**EXERCISE BRIEF**
Among the entries that follow, locate the line with "Nikko Pascua Travel" and the line with "Fabric Reuse". Output those lines and all lines in between, exactly, minus the pictures.

**SUPPLIED DATA**
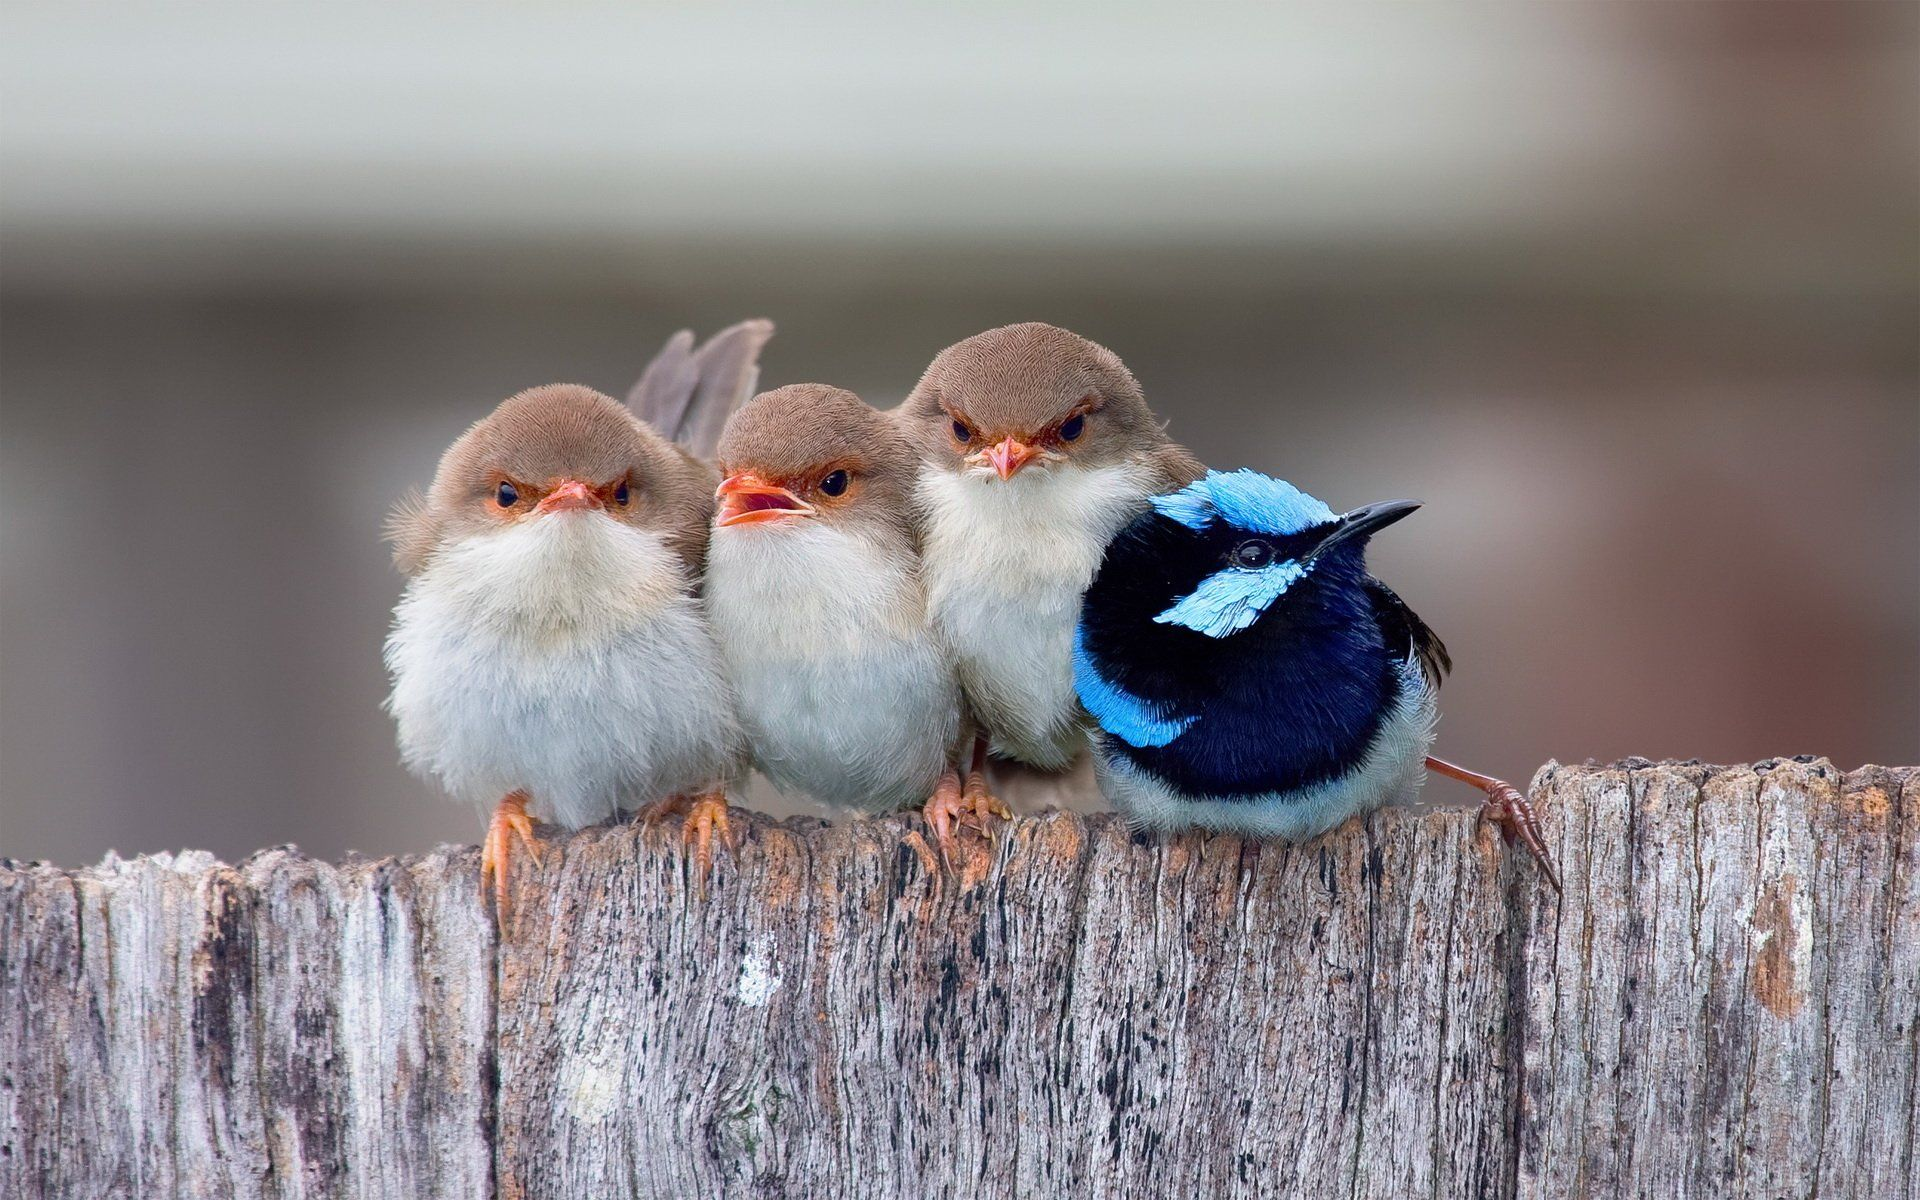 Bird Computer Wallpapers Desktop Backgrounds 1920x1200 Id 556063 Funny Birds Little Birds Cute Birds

---

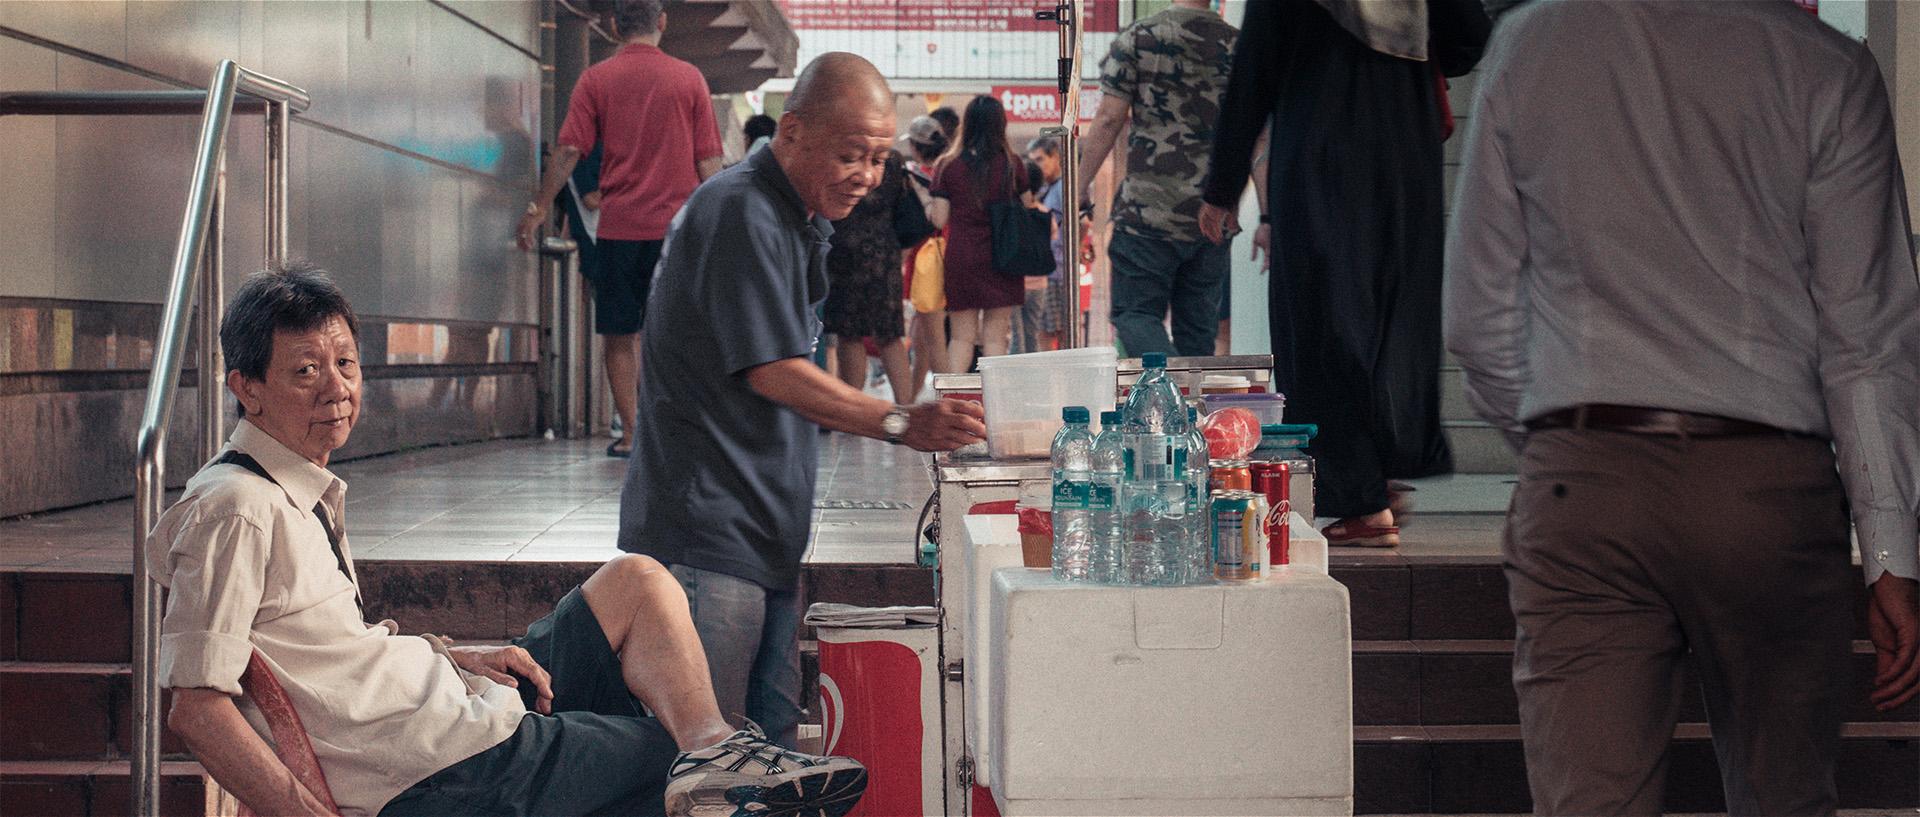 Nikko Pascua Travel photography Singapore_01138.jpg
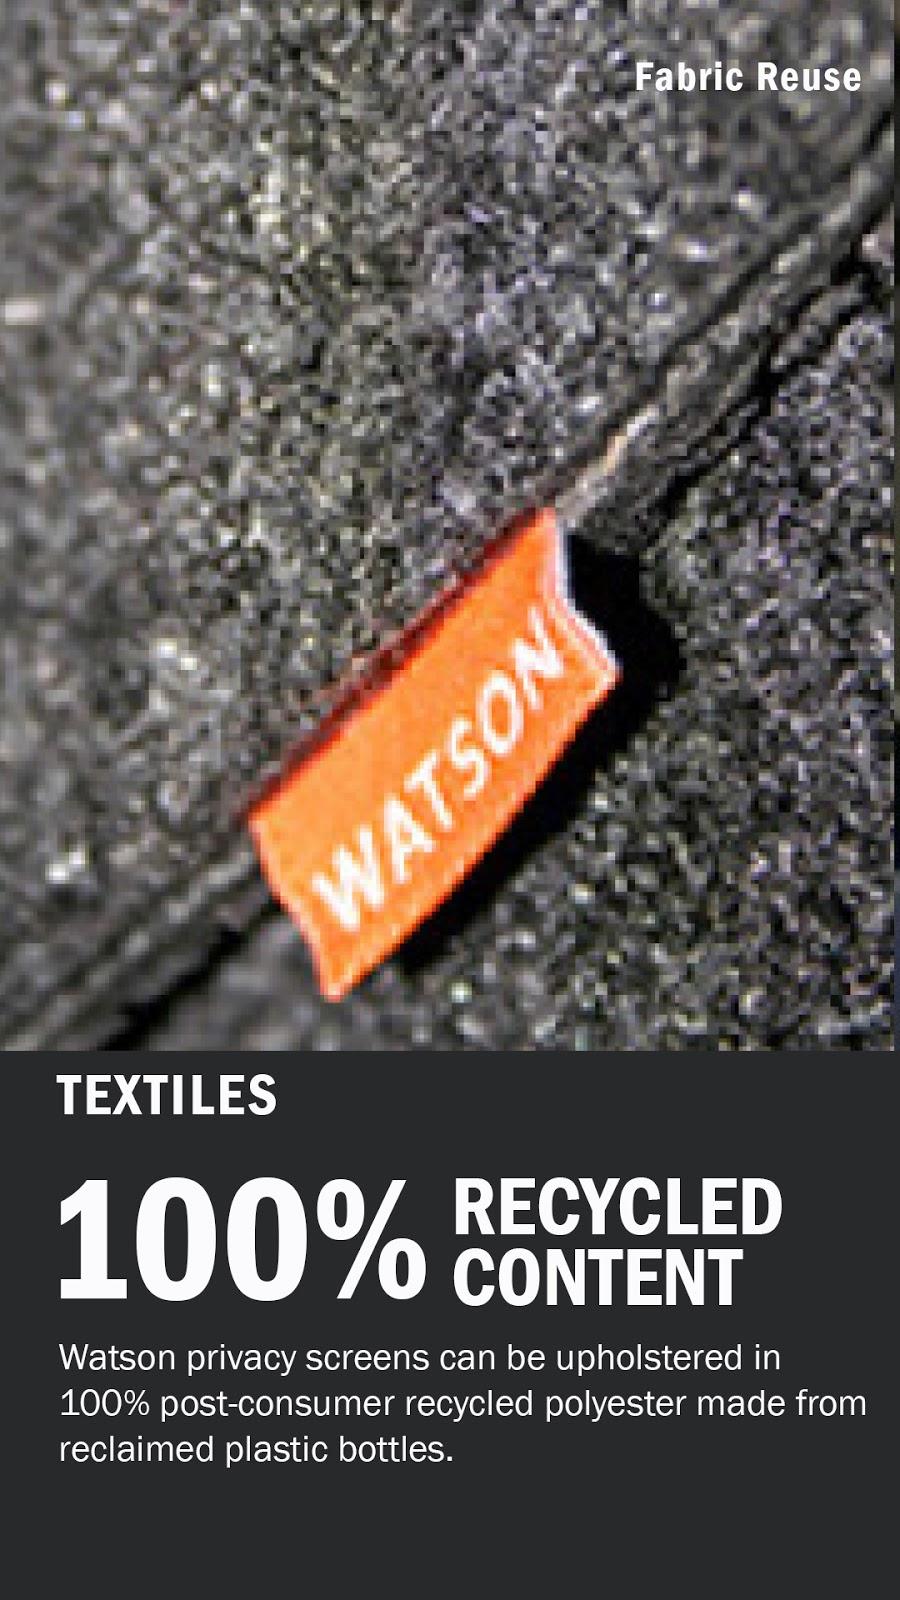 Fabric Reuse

**WRITTEN ANSWER**
 Nikko Pascua Travel photography Singapore_01138.jpg
 Fabric Reuse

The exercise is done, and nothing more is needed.